Licensing and limitations
- vGPU for Compute is licensed through NVIDIA AI Enterprise.
- The NVIDIA License System enforces licensing for vGPU for Compute VMs.
- An unlicensed vGPU for Compute VM starts at full capability and then enters a degraded performance state after a short grace period until a valid license is acquired.
- Current licensing guidance says each NVIDIA C-series vGPU on a VM needs its own license from the NVIDIA Licensing System.
- DCGM is not supported on vGPU hypervisor hosts or inside guest VMs for MIG-backed or time-sliced vGPU environments.
- Some large-memory VMs require increased MMIO space for GPUs such as B300 HGX, B200 HGX, H200/H100/H800/H20, L40/L20/L4/L2, RTX Ada, A40/A30/A10/A100, RTX A-series, and V100 families.
- Windows guest VMs support native applications only; containerization-dependent AI Enterprise features are not supported on Windows guest OSes.
NVIDIA context
The Infra 8.0 support matrix lists NVIDIA vGPU for Compute Virtual GPU Manager and Guest Drivers 20.0 as supported.
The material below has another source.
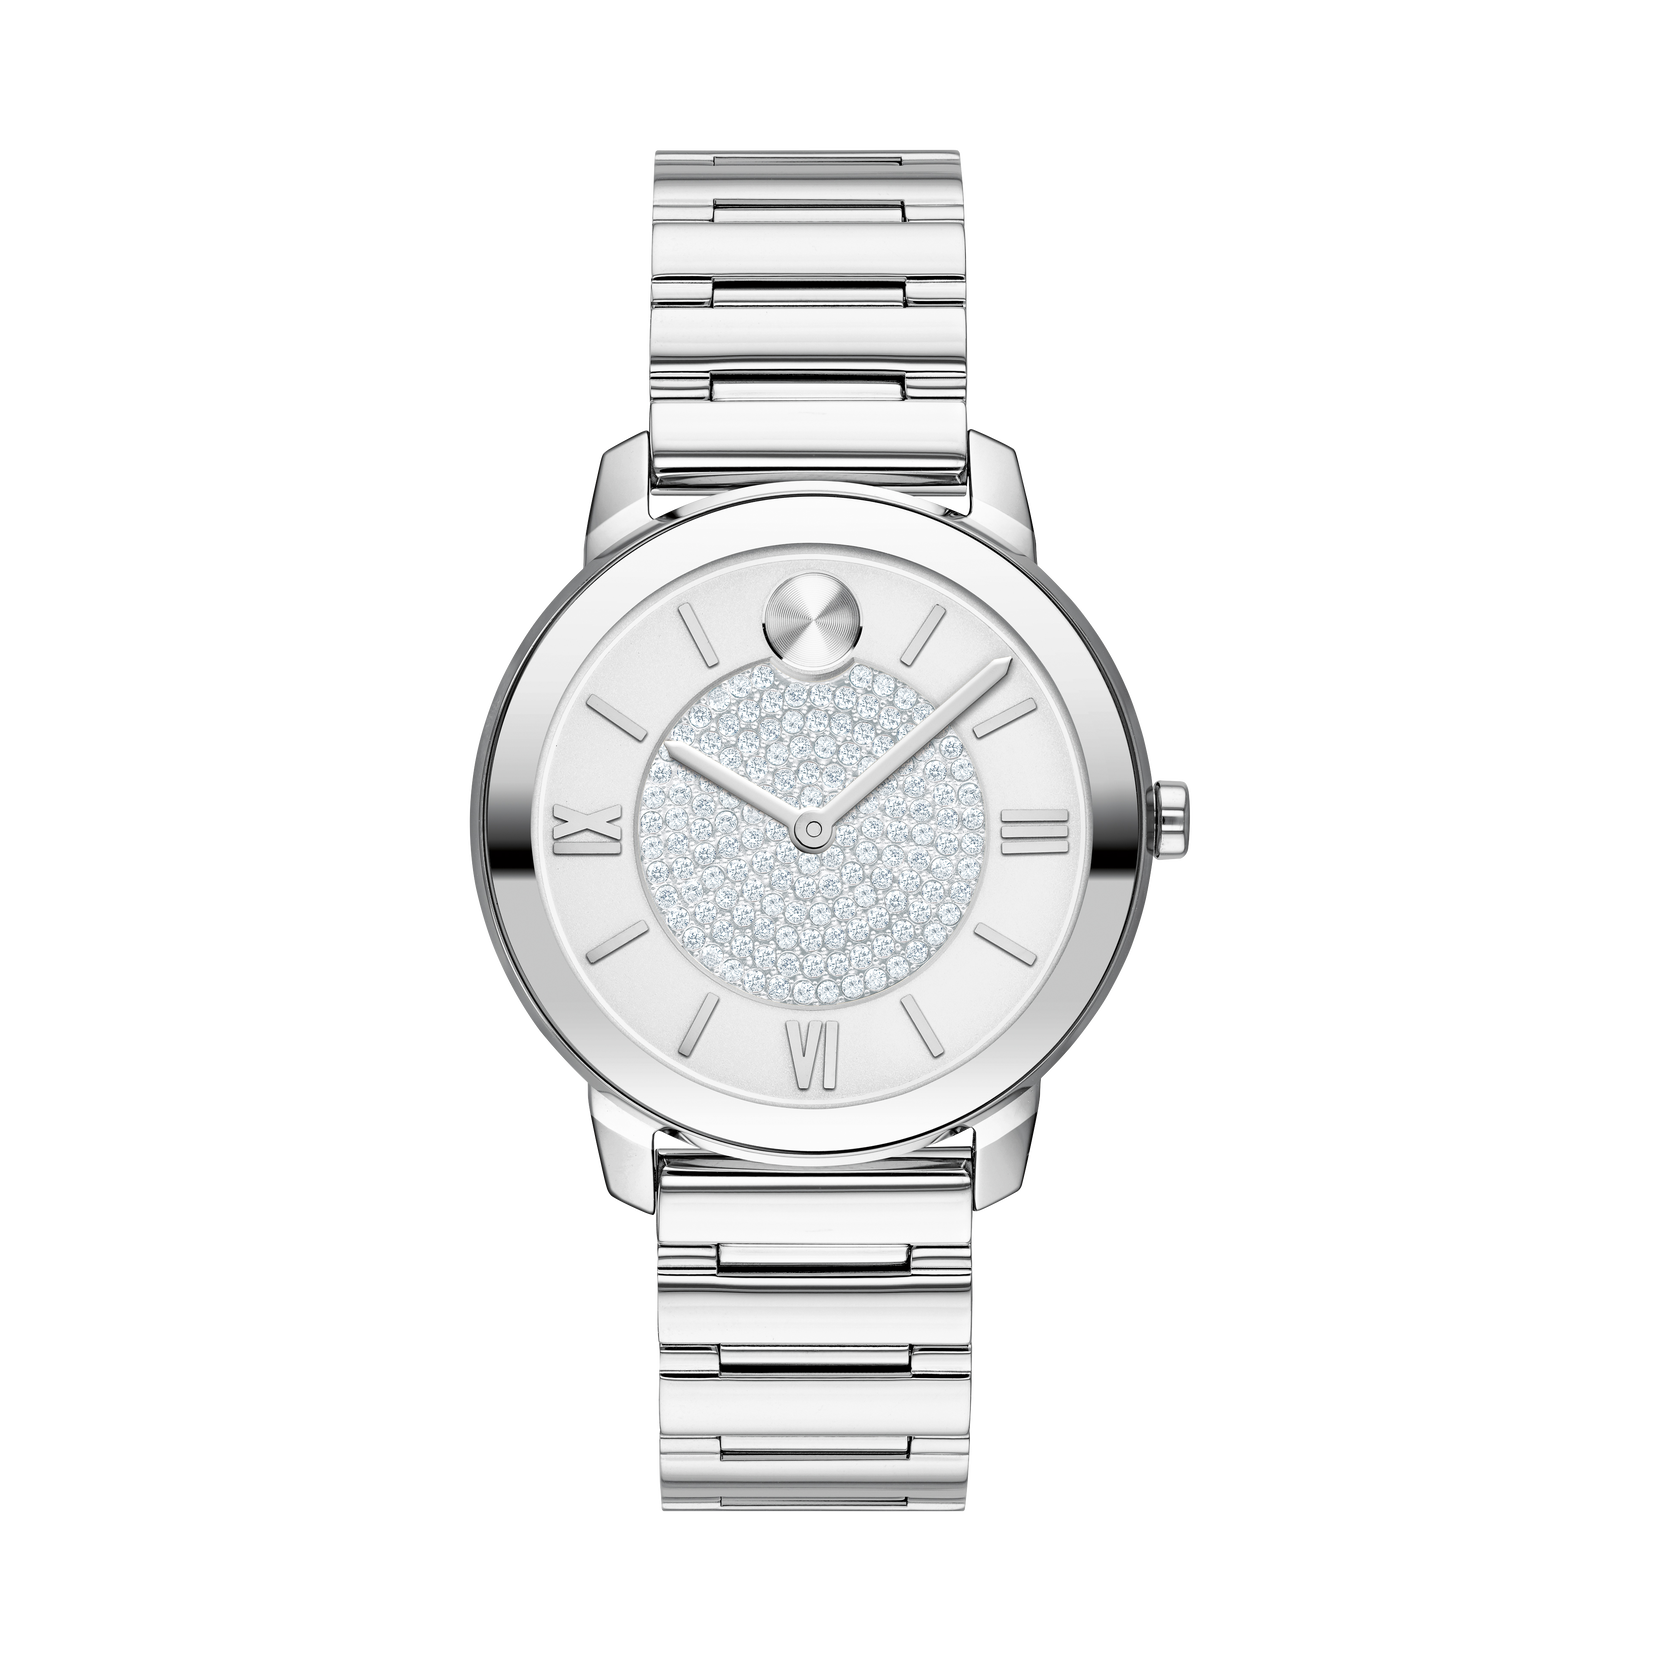 Trend Crystal Watch, 32mm

Check NVIDIA-AI-Enterprise-Infrastructure-Support-Matrix before planning a deployment because platform, hypervisor, guest OS, GPU architecture, and feature support vary.
Connections
- NVIDIA-vGPU - broader virtual GPU software context.
- NVIDIA-AI-Enterprise - vGPU for Compute is licensed through AI Enterprise.
- NVIDIA-AI-Enterprise-Software - infrastructure-layer software catalog that includes vGPU for Compute.
- NVIDIA-AI-Enterprise-Infrastructure-Support-Matrix - release-specific support and compatibility checks.
- NVIDIA-AI-Enterprise-VMware-Deployment - deployment path that uses vGPU/vSphere guidance.
- NVIDIA-Enterprise-Licensing-Guide - NLS and AI Enterprise license behavior for vGPU for Compute.
- NVIDIA-Data-Center-GPU-Drivers - driver branch alignment matters for host and guest drivers.
- NVIDIA-MIG - hardware partitioning foundation for MIG-backed vGPU modes.
- GPUDirect-RDMA, GPU-Direct-Storage, and NVLink - data movement and interconnect features exposed where supported, including NVSwitch-backed platforms.
- NVIDIA-DCGM - relevant because current docs call out DCGM limitations in vGPU environments.
- NVIDIA-Container-Toolkit - Linux guest/container workflows depend on container runtime support where supported.
Source Excerpts
- The AI Enterprise vGPU page states vGPU for Compute is licensed only through NVIDIA AI Enterprise.
- The overview describes time-sliced, MIG-backed, and time-sliced MIG-backed vGPU modes.
- The licensing page explains NLS enforcement and degraded behavior when a vGPU for Compute VM is unlicensed.